Inference Without traction or revenue, this remains an unvalidated concept with high execution risk.
Diligence Questions To Ask The Founders
- What specific feedback have you received from potential users or advisors about the value proposition?
- How do you plan to validate demand for this platform before full-scale launch?
- Are there any existing partnerships or pilot programs with relationship experts or matchmakers?
- What is your roadmap for scaling beyond the prototype stage, including infrastructure and security?

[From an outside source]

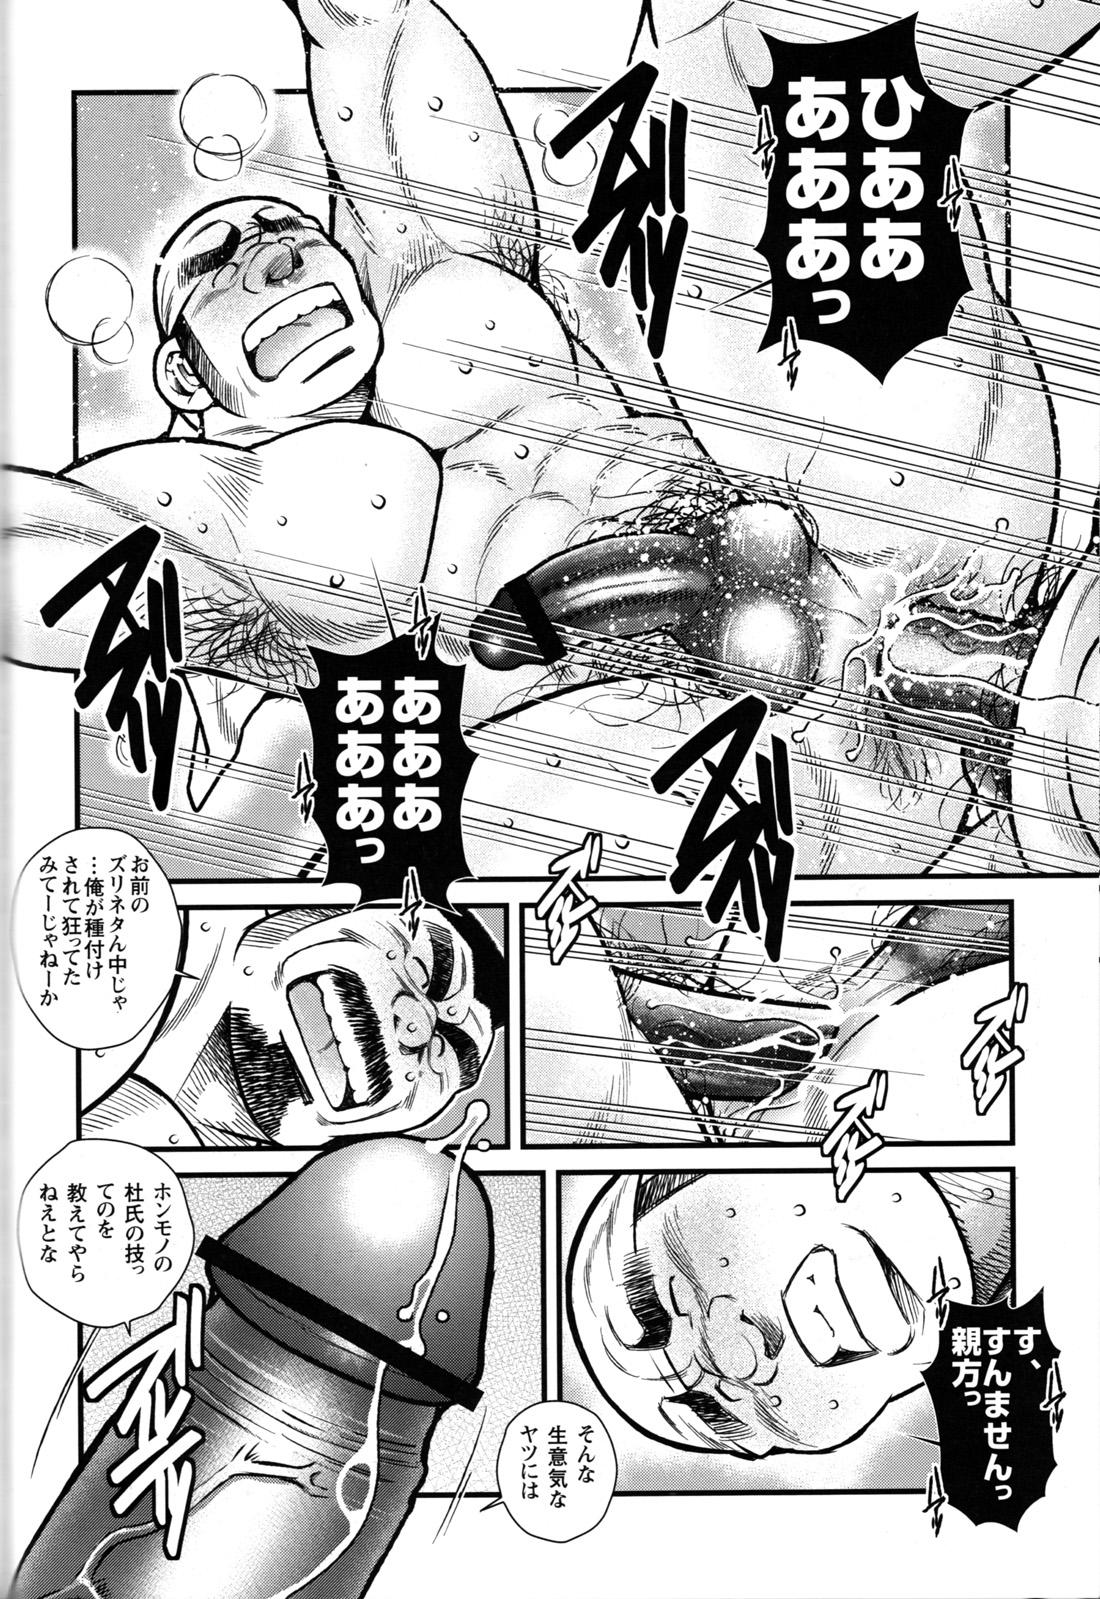 Comic G-men Gaho No.09 Gacchibi Zeme 63

- How will you ensure responsible AI use in a highly personal domain like relationships?
- Do you have any plans to test the AI compatibility engine with real-world data or user inputs?
Investment/Partnership Verdict
Not evidenced — no financials, traction, or commercial viability metrics are available.

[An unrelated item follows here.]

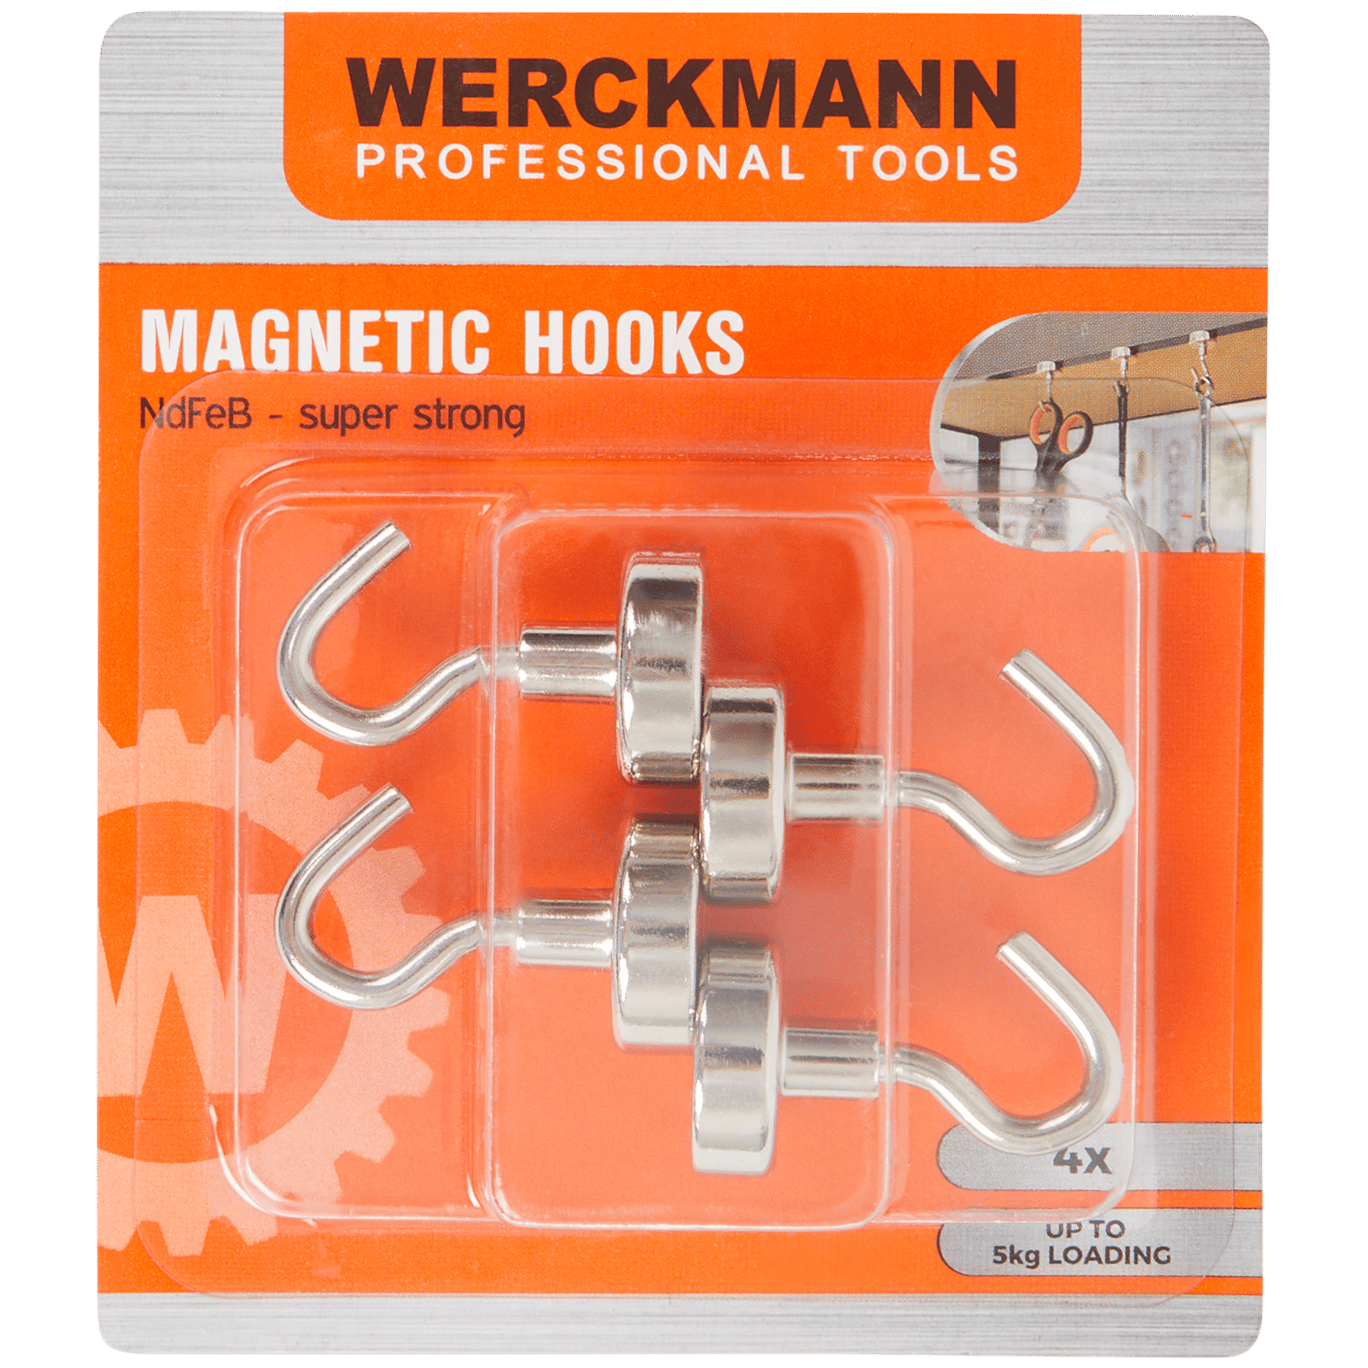 Werckmann magnetische haken

Confidence Very low. This is a self-reported prototype with no evidence of market validation, revenue, or customer adoption. The concept is novel and potentially valuable, but lacks any demonstrated progress toward becoming a viable product or business.
The author’s claim that “modern AI development enables individuals with a strong product vision to transform ideas into sophisticated software much faster than was previously possible” reflects an aspirational narrative rather than a proven outcome.
Conclusion
Early-stage idea with potential. Requires further validation, including user testing, market research, and clear commercial strategy before any investment or partnership consideration.
Source
Submitted to the OpenAI 2026 hackathon on Devpost. Project home on DevPost.
The analysis above was generated by a language model from the project's own one-line description. It is not independent research and contains no verified traction, revenue or customer data.